Through prayer, God opens up hearts to rescue His own.
Just a little later in 1 Corinthians 3, Paul explains the roles of preacher and Trinity:
5 What then is Apollos? What is Paul? Servants through whom you believed, as the Lord assigned to each. 6 I planted, Apollos watered, but God gave the growth. 7 So neither he who plants nor he who waters is anything, but only God who gives the growth. 8 He who plants and he who waters are one, and each will receive his wages according to his labor. 9 For we are God’s fellow workers. You are God’s field, God’s building (1 Corinthians 3:5-9).
The preacher plants and waters. “Oh, if we had a preacher who ___________, then many would come to Christ.” How would we fill in that blank? Was serious? Funny? Handsome? Young? Old? These items are not mentioned as qualifications for the preacher, as if these items assisted God’s saving work. The qualifications of 1 Timothy 3:1-7 suffice, and one who preaches “the gospel of grace” and one who does not “shrink from declaring to you the whole counsel of God” and pays “careful attention to [themselves] and to all the flock, in which the Holy Spirit made you overseers, to care for the church of God, which he obtained with his own blood” (Acts 20:24, 27). By His strength, we stay faithful to what He has clearly called us to. By His Word, He opens up hearts to receive and grow in His Word.

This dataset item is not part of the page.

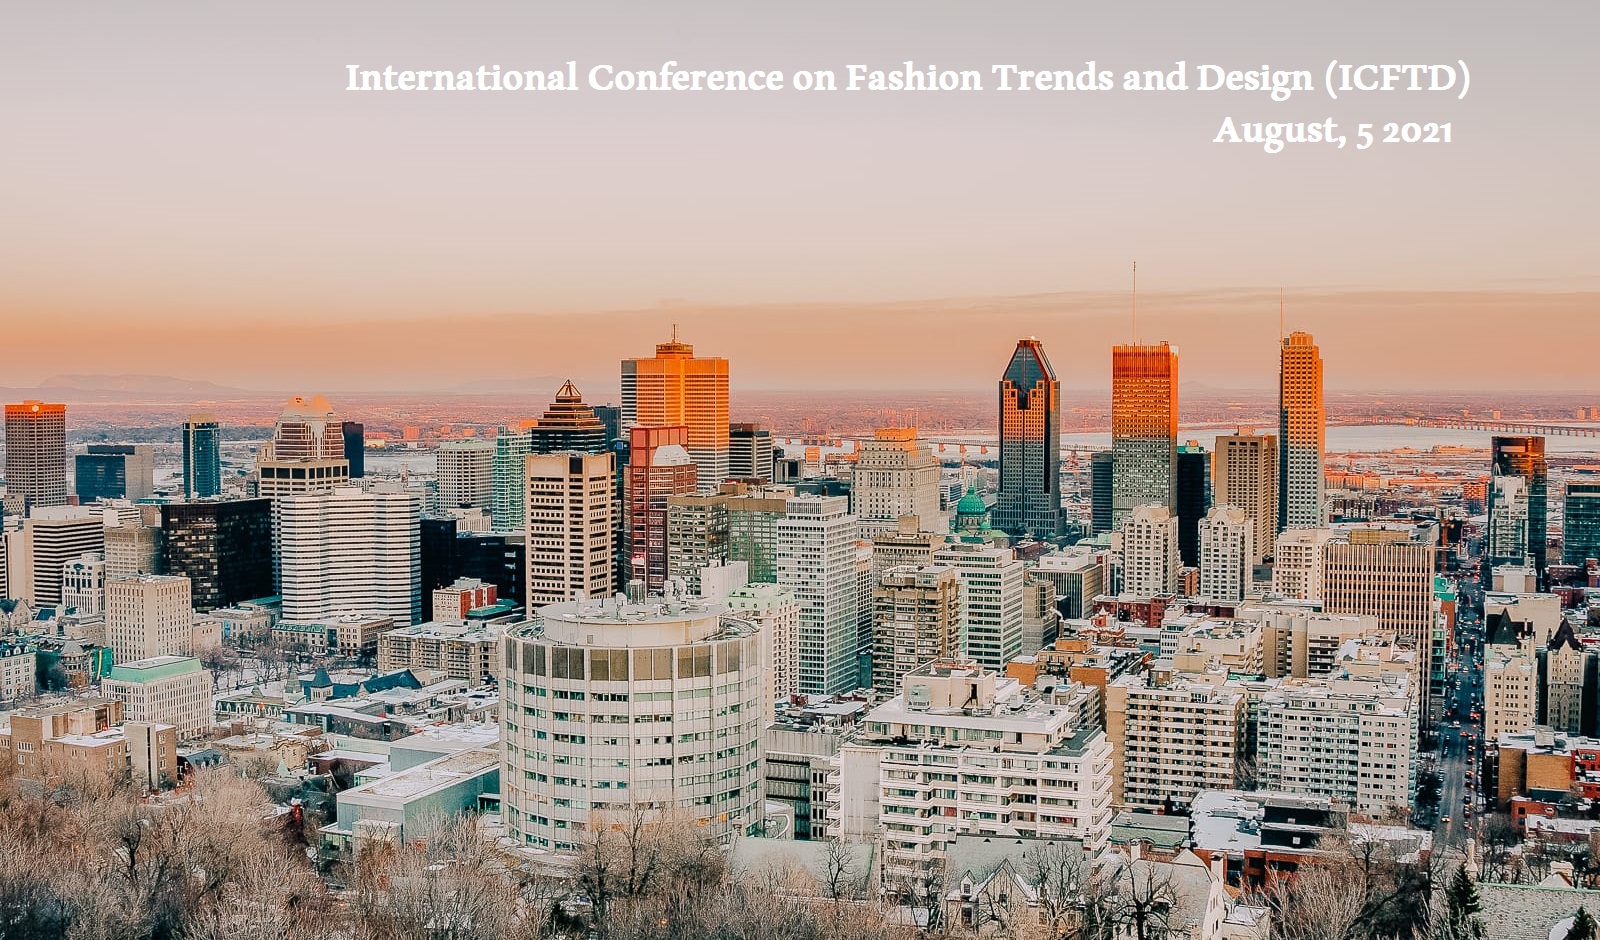 International Conference on Fashion Trends and Design (ICFTD) 2021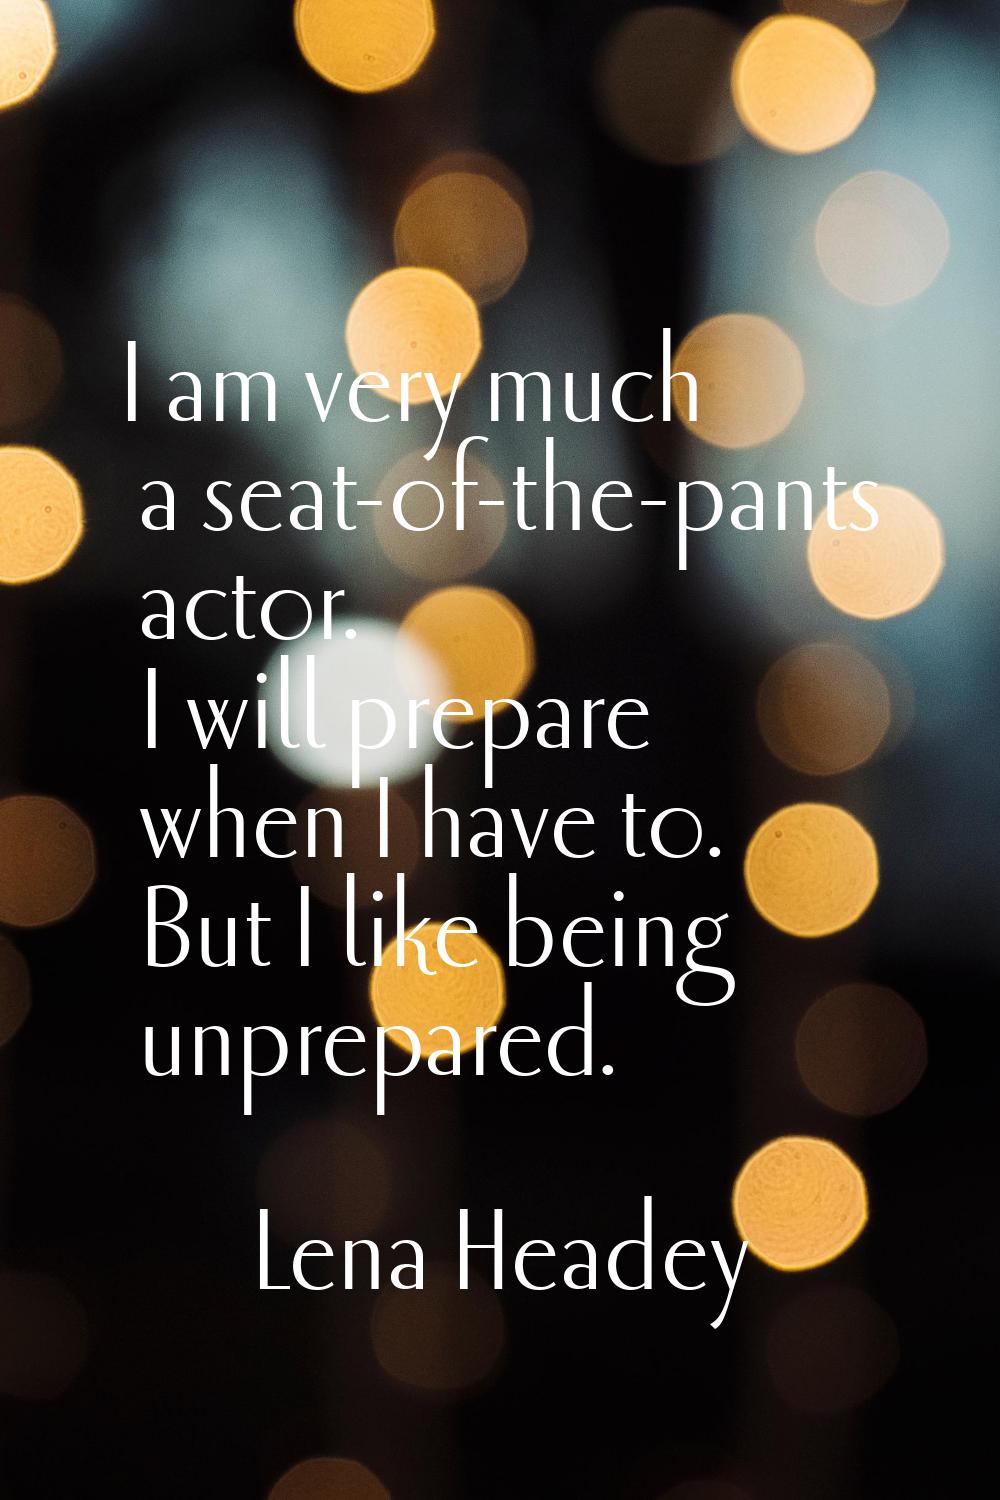 I am very much a seat-of-the-pants actor. I will prepare when I have to. But I like being unprepare

Jesus came to earth, “save his people from their sins” (Matthew 1:21), and how will this happen without a preacher sent (Romans 10:14-15)? Preaching is a supernatural act in a natural world to bring the natural into the supernatural by Jesus. Here my pastor, Charles H. Spurgeon (1834-1892):
To us, as ministers, the Holy Spirit is absolutely essential. Without Him our office is a mere name. . . . Unless we have the spirit of the prophets resting upon us, the mantle which we wear is nothing but a rough garment to deceive. We ought to be driven forth with abhorrence from the society of honest men for daring to speak in the name of the Lord if the Spirit of God rests not upon us. . . . If we have not the Spirit which Jesus promised, we cannot perform the commission which Jesus gave. (3)
(1) A.J. Gordon . Quoted in Greg Heisler, Spirit-Led Preaching (Nashville: Broadman & Holman, 2007), 7.
(2) Source unknown.
(3) C. H. Spurgeon, Lectures to My Students (Grand Rapids: Zondervan Publishing House, 1954), 186-87.
Absolutely on target! We know how clanging gong sounds in the pulpit and in public. Only the anointing of God’s Spirit on the preacher and preaching of God’s Word can reach the hearts of calloused, broken, imprisoned sinners…like me.
It is the supernatural touch of God that breaks the power of cancelled sin and sets the prisoner free! Jesus is enough.